■ DATA BELOW
++++++

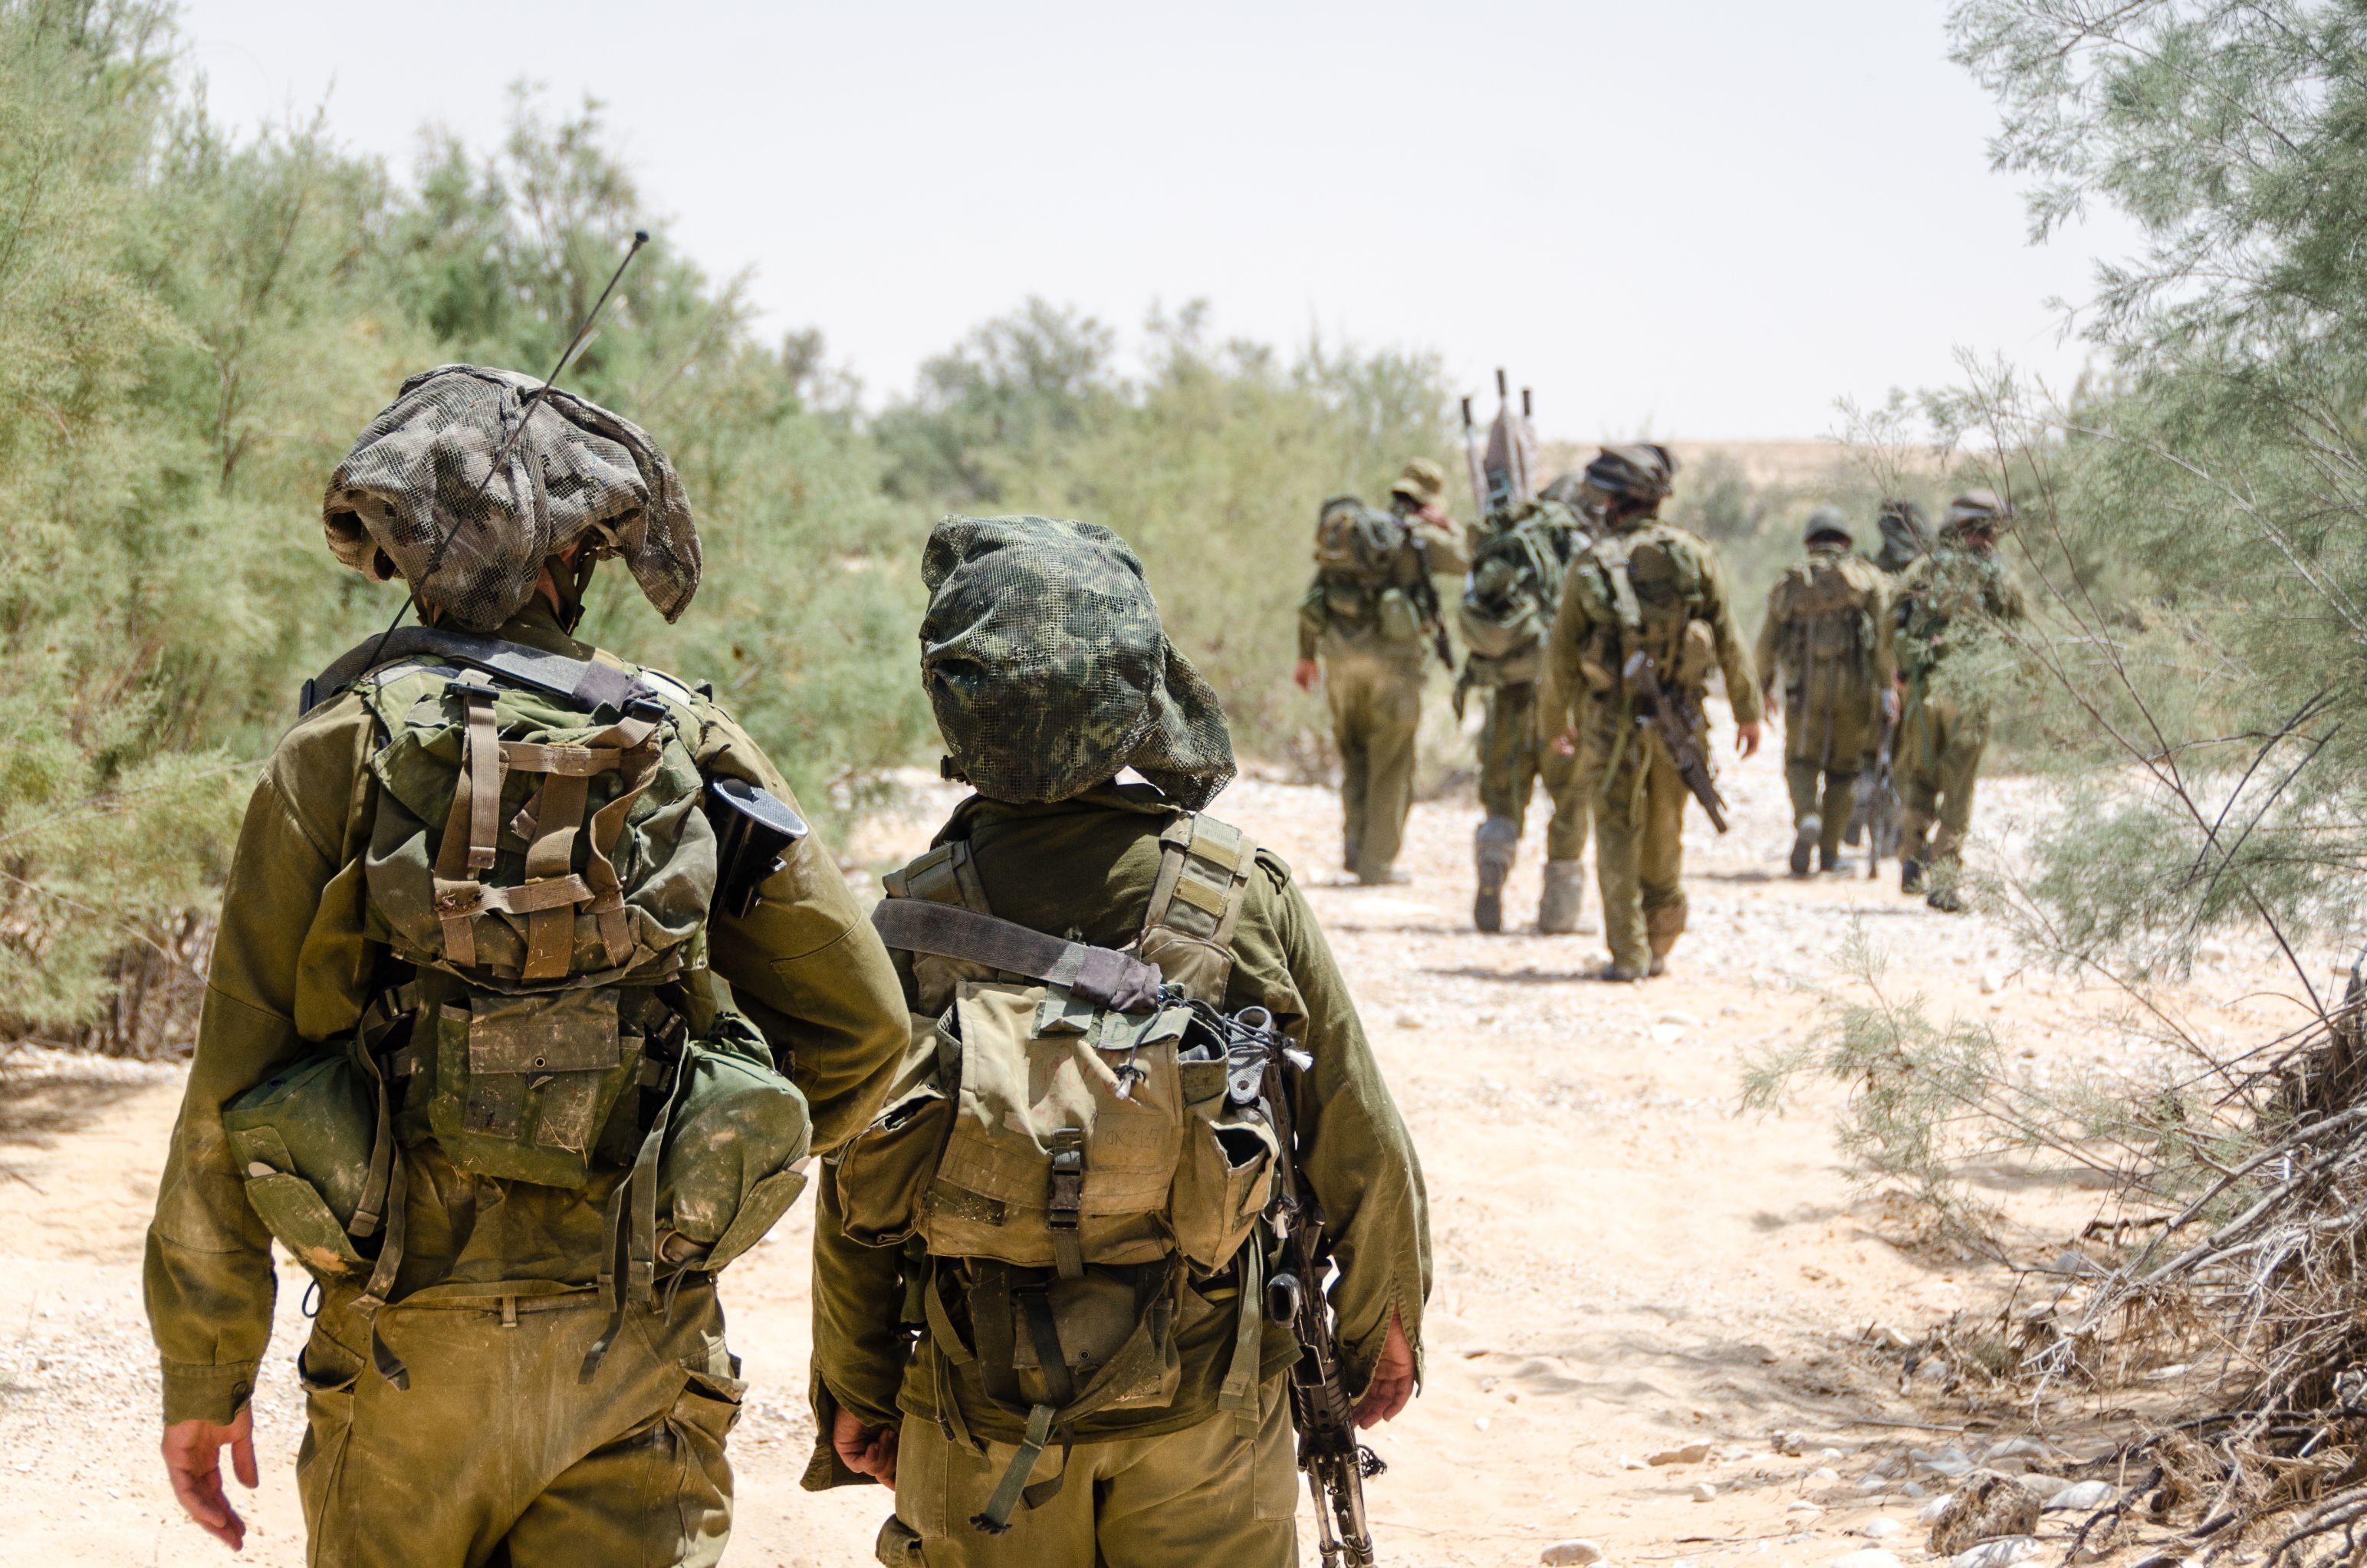 Israeli combat soldiers of an elite counter-terror unit return back to base after a raid in South of Lebanon during the Second Lebanon military campaign / war. Two soldiers in the foreground.
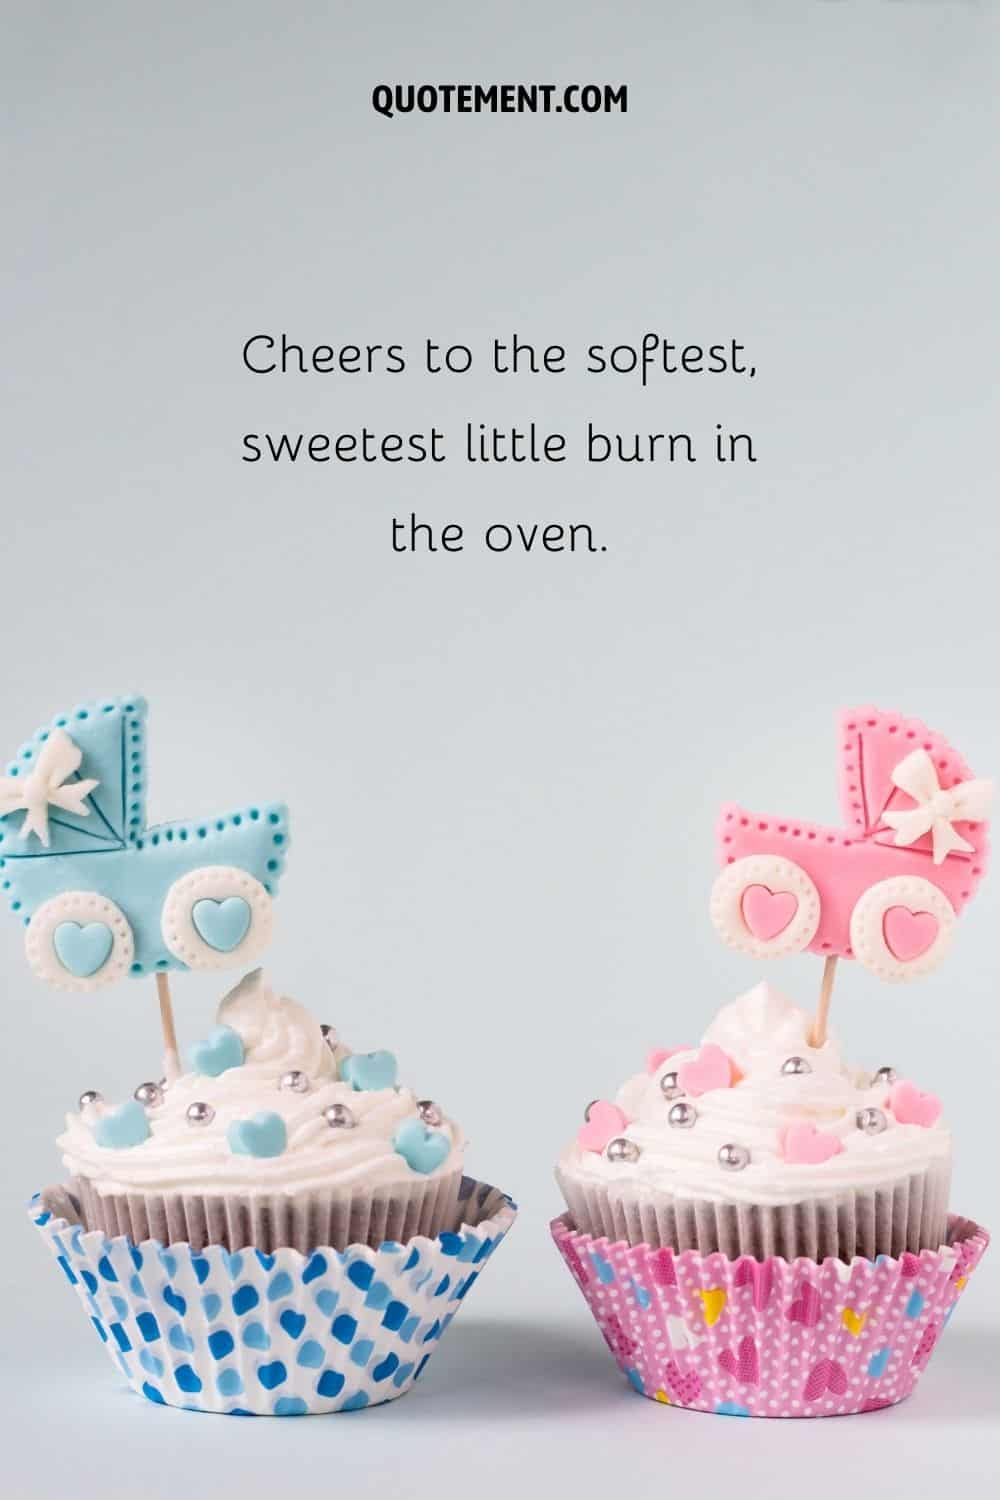 one cupcake with blue decorations and one with pink
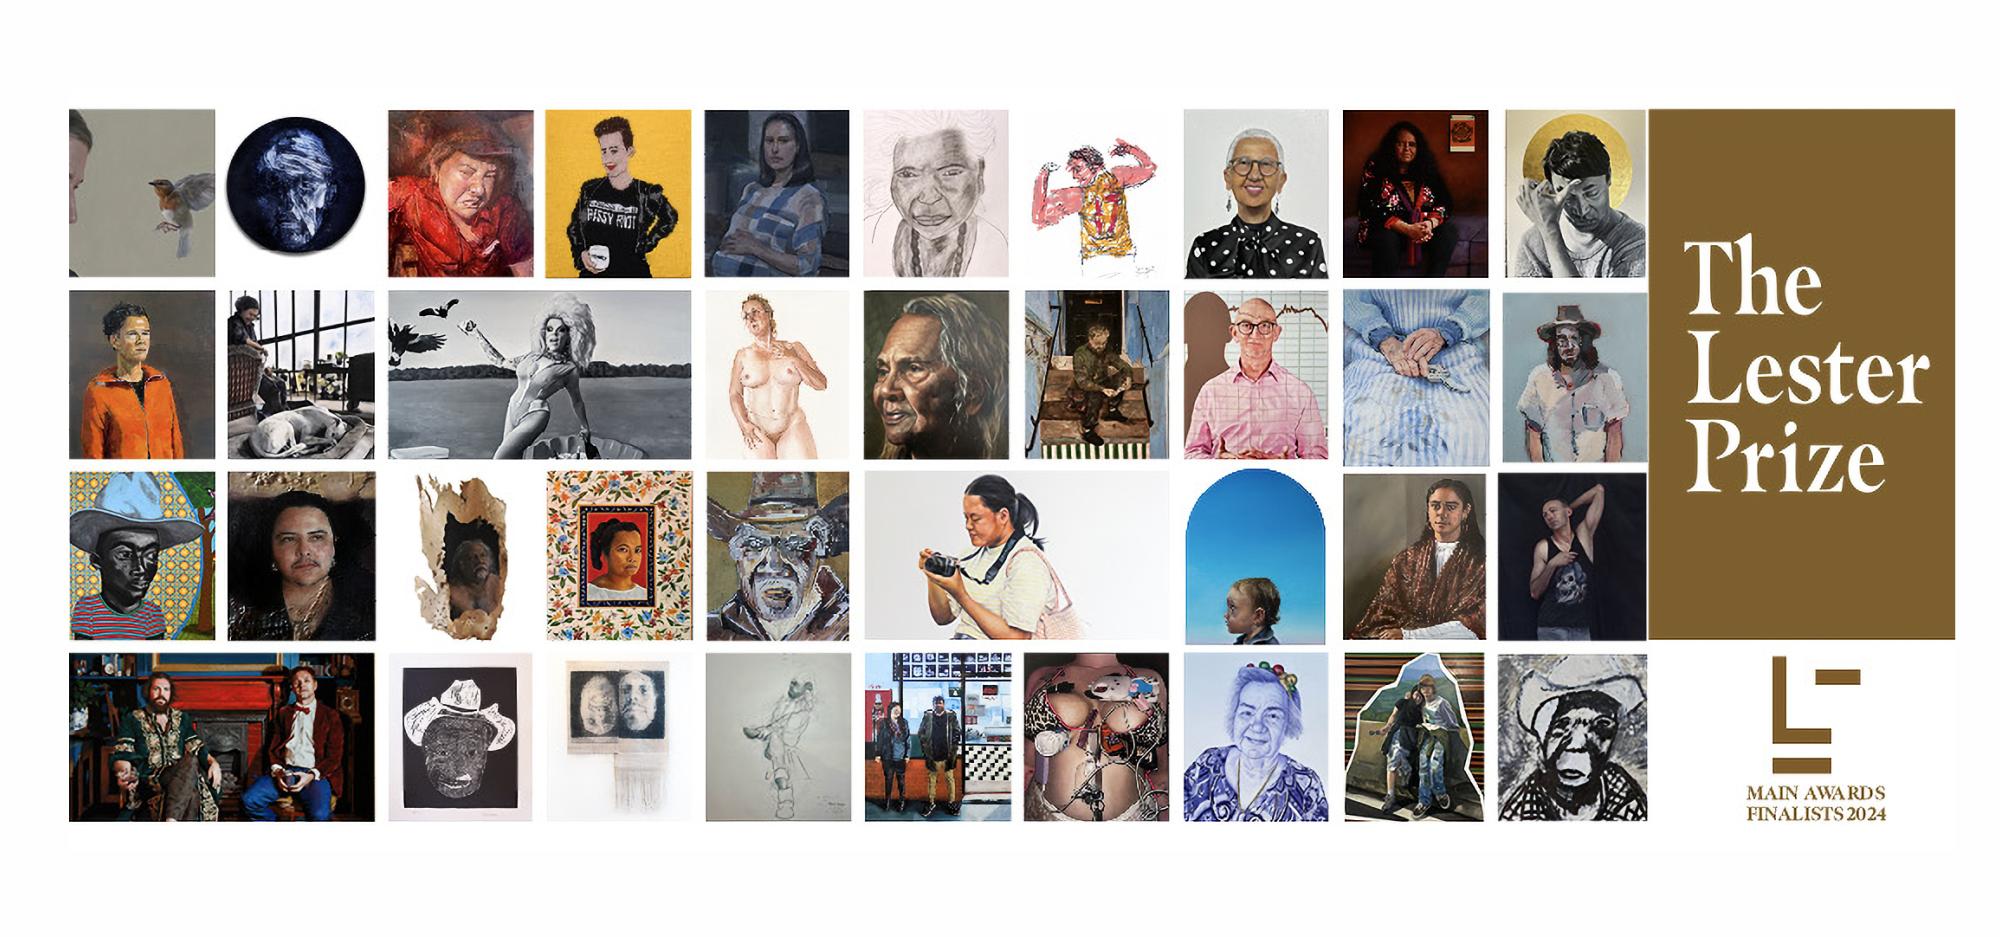 A mosaic of artistic portraits of people in various colours and styles in a grid formation. A gold banner on the right contains the words The Lester Prize Main Awards Finalists 2024
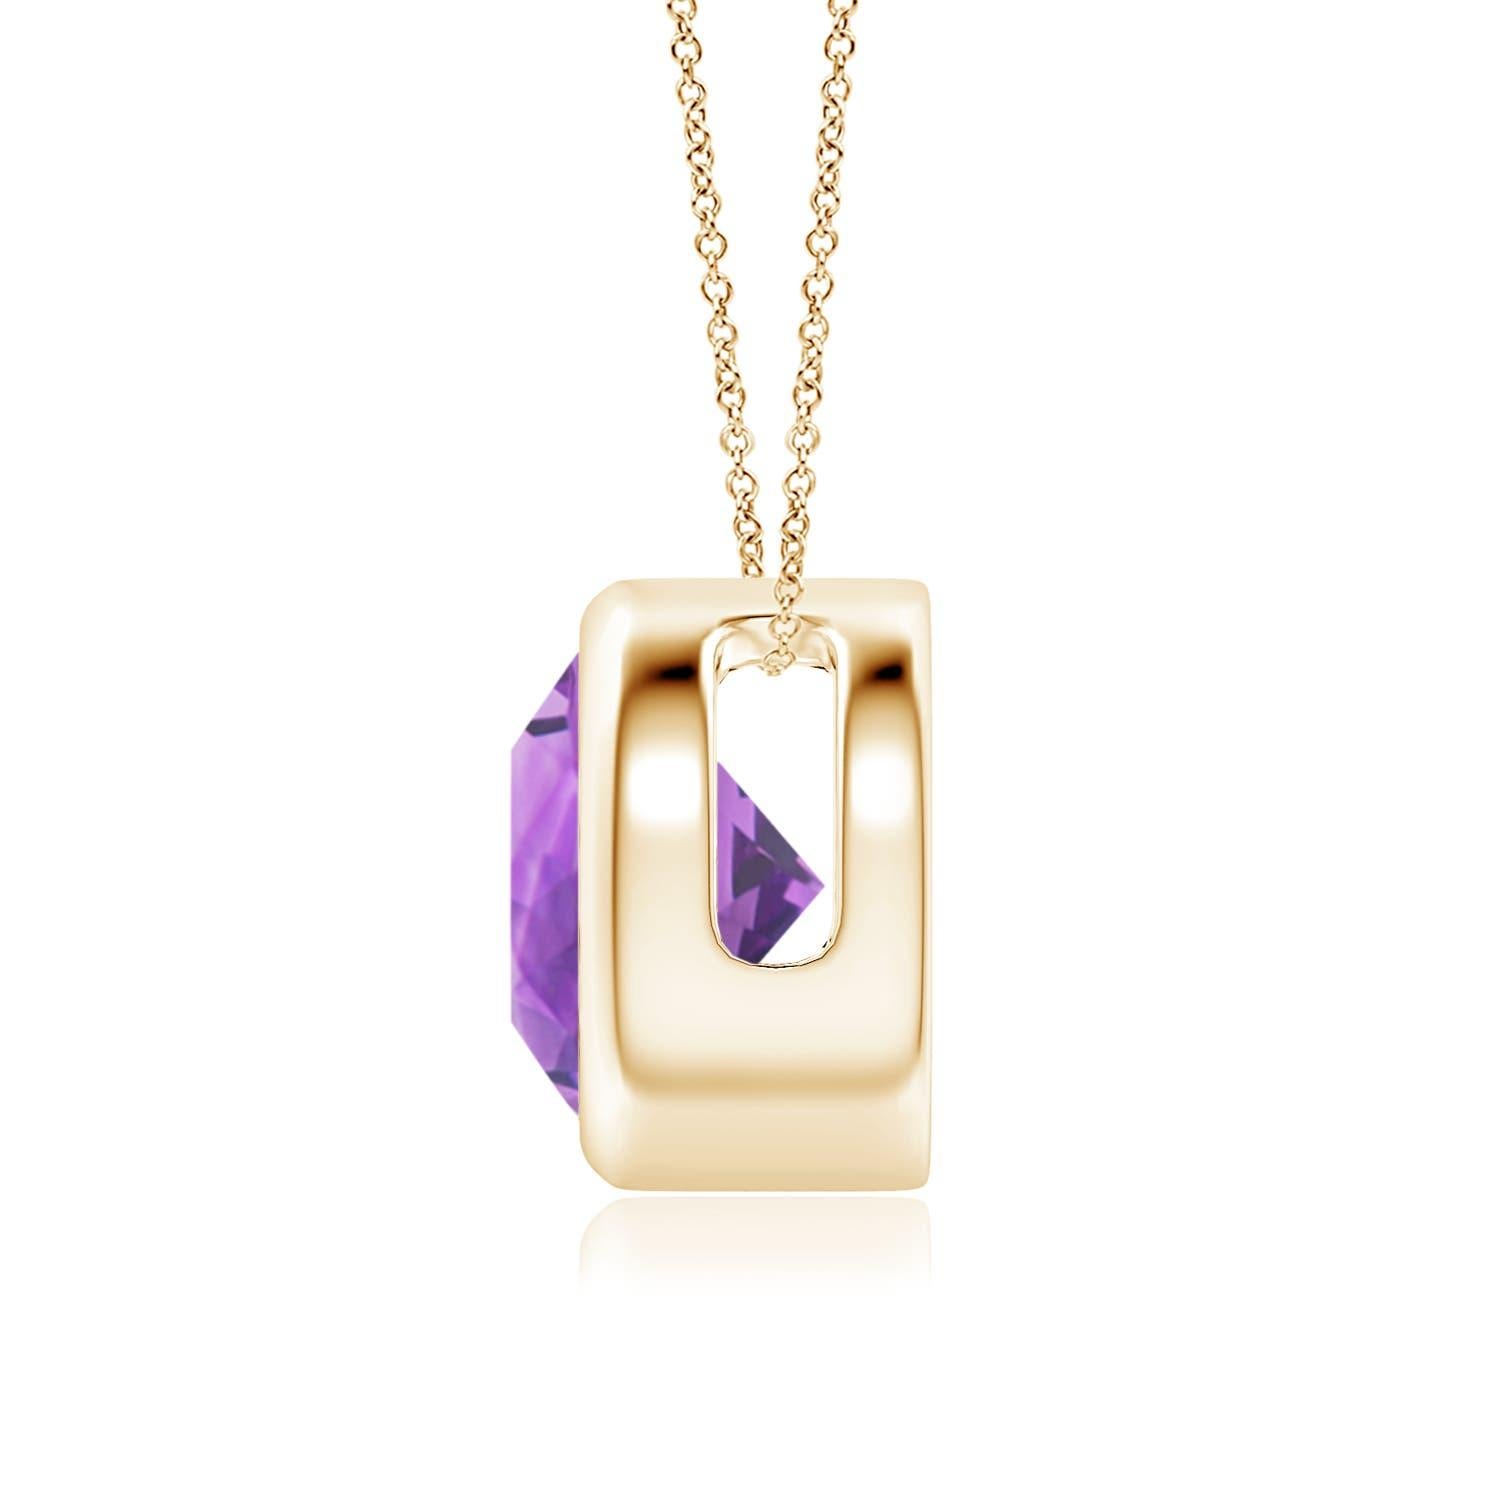 Modern Natural Bezel-Set Round 1.7ct Amethyst Solitaire Pendant in 14K Yellow Gold For Sale

++++++

■ YOUR OBJECTIVE
With the pictures left out, write out all of the data exactly.

■ SOLVED EXERCISE
 Israeli combat soldiers of an elite counter-terror unit return back to base after a raid in South of Lebanon during the Second Lebanon military campaign / war. Two soldiers in the foreground.
 one cupcake with blue decorations and one with pink
 A mosaic of artistic portraits of people in various colours and styles in a grid formation. A gold banner on the right contains the words The Lester Prize Main Awards Finalists 2024
 Modern Natural Bezel-Set Round 1.7ct Amethyst Solitaire Pendant in 14K Yellow Gold For Sale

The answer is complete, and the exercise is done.